Trans Trash

Wastepicker in Cambridge, MA in 2010.  Photo by P. Rey. Basurama.

Garbage is rapidly becoming a major topic of inquiry in urban society. Municipalities are keenly aware of the economic benefits of waste and citizens are becoming aware of the environmental need for recycling. Even so, most urban dwellers are still blind to what actually happens to their garbage once it is tossed into a trash bin.

The aim of the Trans Trash exhibition is to make waste cycles transparent to the public in an attempt to enable more personal social awareness and responsibility. Using Cambridge, MA as a region of focus and MIT as a hyper-local example, the works in the exhibition, which opened at MIT in September 2011 display information about local waste and the overlaps or tensions between the informal and formal waste management sectors.

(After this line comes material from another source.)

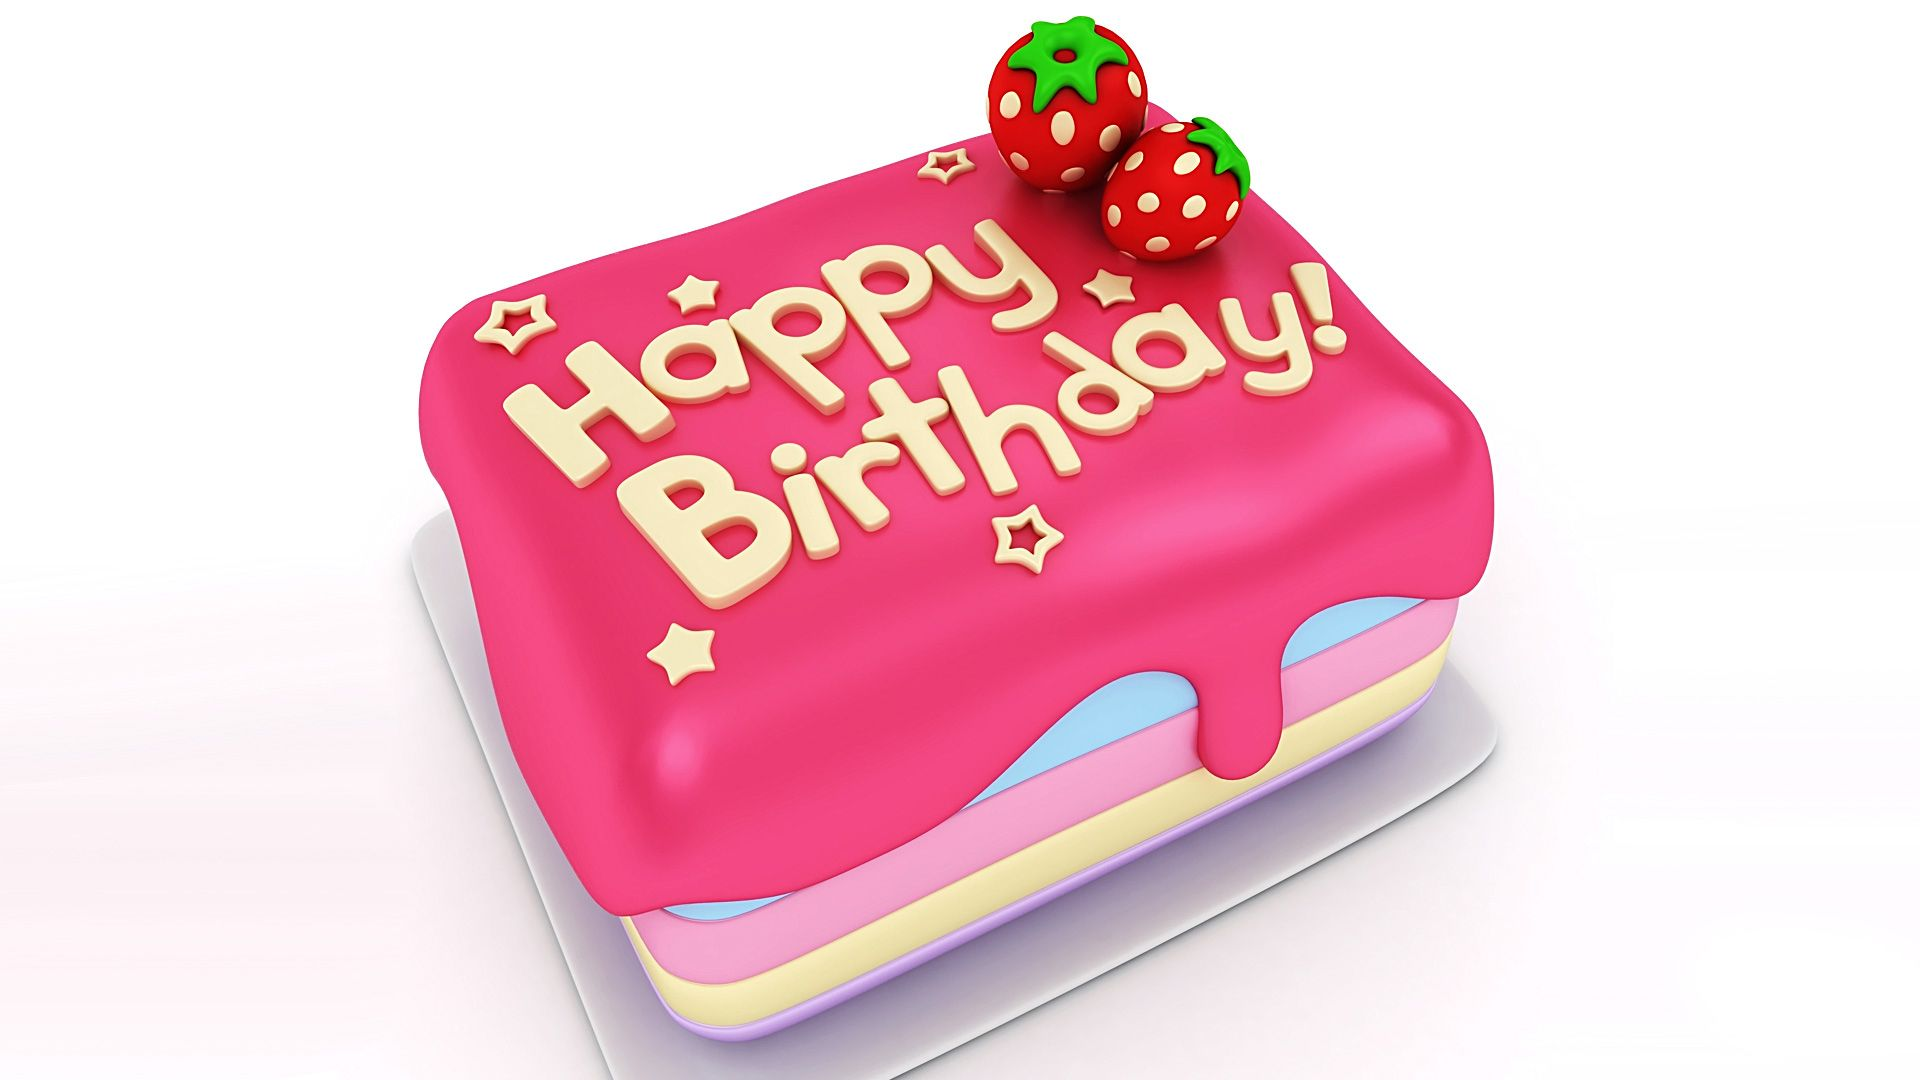 Happy Birthday Cake Hd Wallpaper Image Happy Birthday Wishes Quote

It is our belief that the local scale is fundamental in enabling the opportunity to reflect on global waste processes. The exhibition showcased projects with varying approaches and formats, from local to national scale. In the end, the exhibit has both a physical and on-line presence.

To illustrate the experiences of women working in the recycling business in Cambridge, MA, CoLab’s Libby McDonald created a video installation that appeared on used television sets tossed out by a local electronics store. Featuring the personal accounts of Cambridge trash pickers, the short interviews highlight the tensions that exist between the informal and formal sector.